- Born: April 9, 1983 (age 42) Annapolis, Maryland, U.S.
- Height: 5 ft 11 in (1.80 m)

Association football career
- Full name: Devin Barclay
- Position: Forward

Senior career*
- Years: Team / Apps / (Gls)
- 2001: Tampa Bay Mutiny / 23 / (3)
- 2002: San Jose Earthquakes / 12 / (0)
- 2003: D.C. United / 3 / (0)
- 2004–2005: Columbus Crew / 4 / (0)

International career
- 2001–2003: United States U20 / 15 / (1)
- 2002: United States U23 / 4 / (0)
- Football career

Profile
- Position: Placekicker

Career information
- College: Ohio State (2007–2010);

Awards and highlights
- Second-team All-Big Ten (2010);

= Devin Barclay =

American football and soccer player (born 1983)

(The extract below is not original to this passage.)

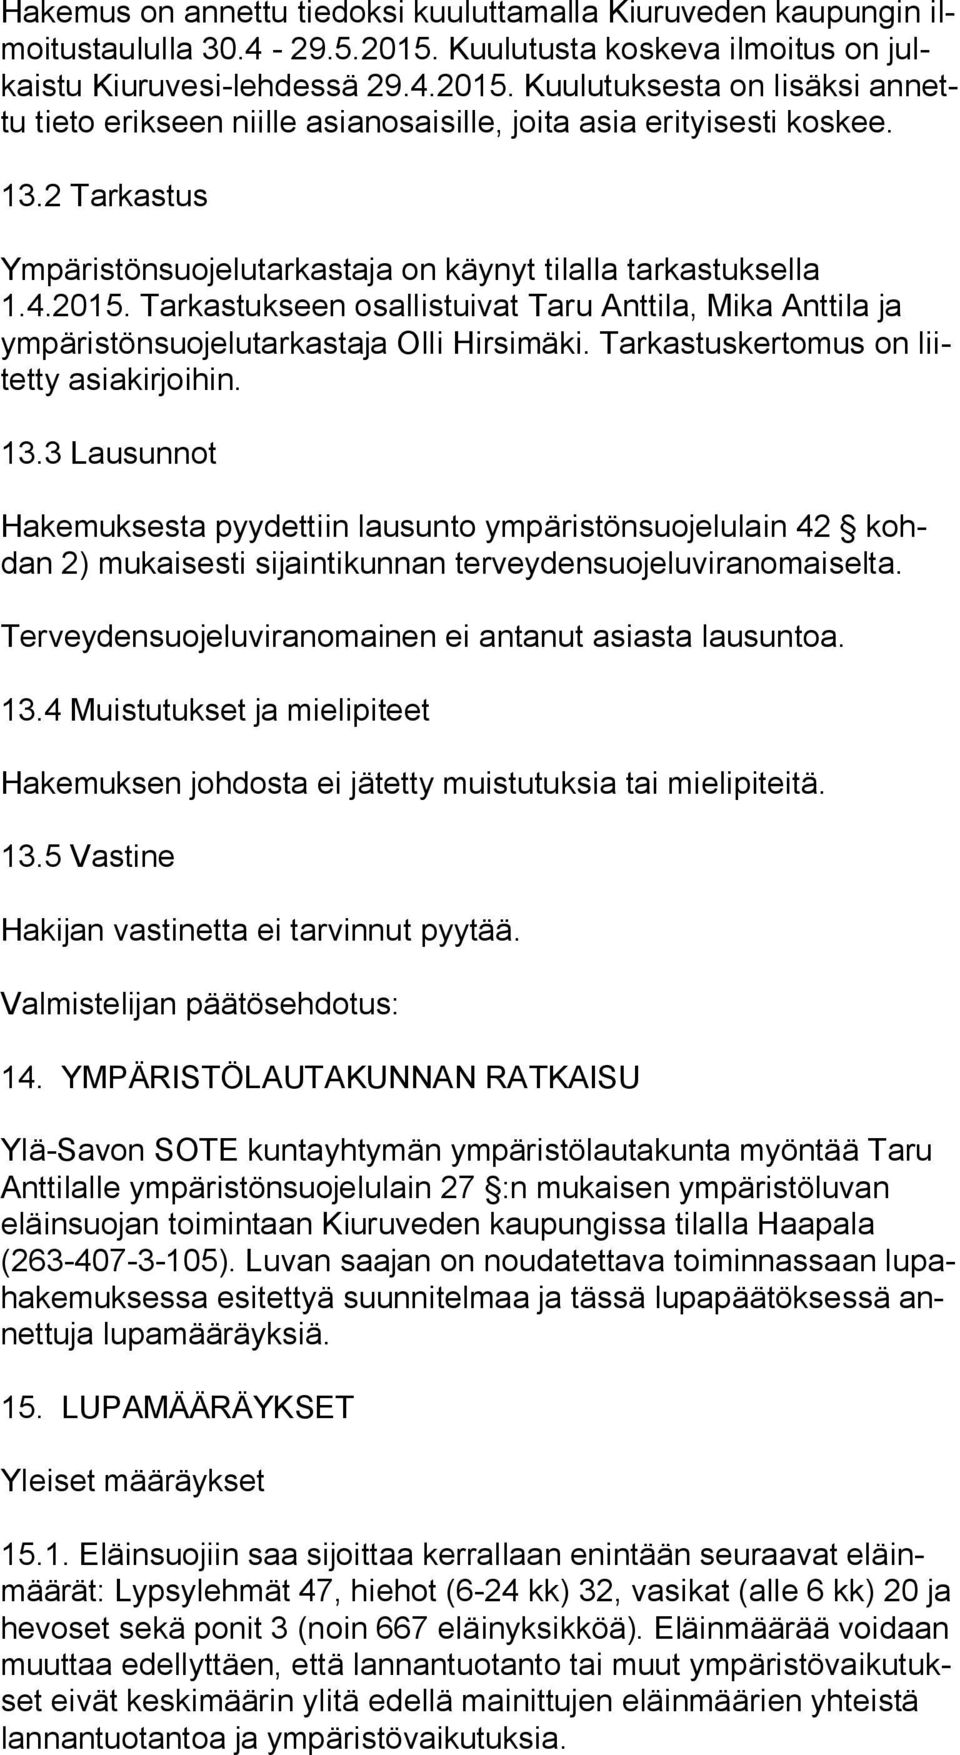 2 Tarkastus Ympäristönsuojelutarkastaja on käynyt tilalla tarkastuksella 1.4.2015. Tarkastukseen osallistuivat Taru Anttila, Mika Anttila ja ym pä ris tön suo je lu tar kas ta ja Olli Hirsimäki.

Devin Barclay (born April 9, 1983) is an American former football placekicker for the Ohio State Buckeyes. Prior to that, he was formerly a professional soccer player, who last played for the Columbus Crew of Major League Soccer.

==Biography==
Barclay initially skipped college, opting instead to sign a Project-40 contract with MLS in 2001, at the age of 18, which allocated him to the Tampa Bay Mutiny. Barclay made a significant impact on a very bad Mutiny team as a rookie, appearing in 23 games, 12 starts, and scoring three goals and two assists. The Mutiny was contracted after the 2001 season; Barclay was selected 8th overall in the 2002 MLS Allocation Draft by the San Jose Earthquakes. Barclay did not make much of an impact on the side that had just won MLS Cup, disappointingly only appearing in 12 games, and registering no goals or assists. He was traded to D.C. United in exchange for a draft pick, but disappointed in D.C. as well; he only appeared in three games for United, as coach Ray Hudson preferred not to play young players. He was again traded after the 2003 season, joining the Columbus Crew, his fourth team in four seasons. He made little impact on the Crew, however, again appearing in only three games in 2004. After appearing only once in the 2005 season, Barclay was released by Columbus on November 15, 2005.

Barclay represented the U.S. national team at the Under-18, Under-20, and Under-23 levels, but his playing time with those teams dwindled as he was unable to break into an MLS side.

Stifled by the lack of playing time and hampered by injuries, Barclay retired from soccer. He began learning how to kick field goals and was able to walk on at Ohio State University. As a junior, Barclay was second on the placekicking depth chart at Ohio State until Aaron Pettrey was injured on October 31, 2009, in a game against New Mexico State. Barclay became the starting kicker going forward.

He scored the conference championship winning kick against the Iowa Hawkeyes on November 14, 2009. The win meant that Ohio State would play in the Rose Bowl, as well as ensuring Ohio State at least a share of the 2009 Big Ten Championship.

Barclay started off the 2010 season well, tying the Ohio State record with 5 field goals on 6 attempts in week 2 against the University of Miami. He was named the Big Ten Special Teams Player of the Week for his efforts. He would finish the season 20-for-24 on field goals. Barclay never missed a point after touchdown in his career as a Buckeye.

Now, Devin working at Nike as men's soccer athlete manager, before was the director of coaching at the Colorado Rush soccer team.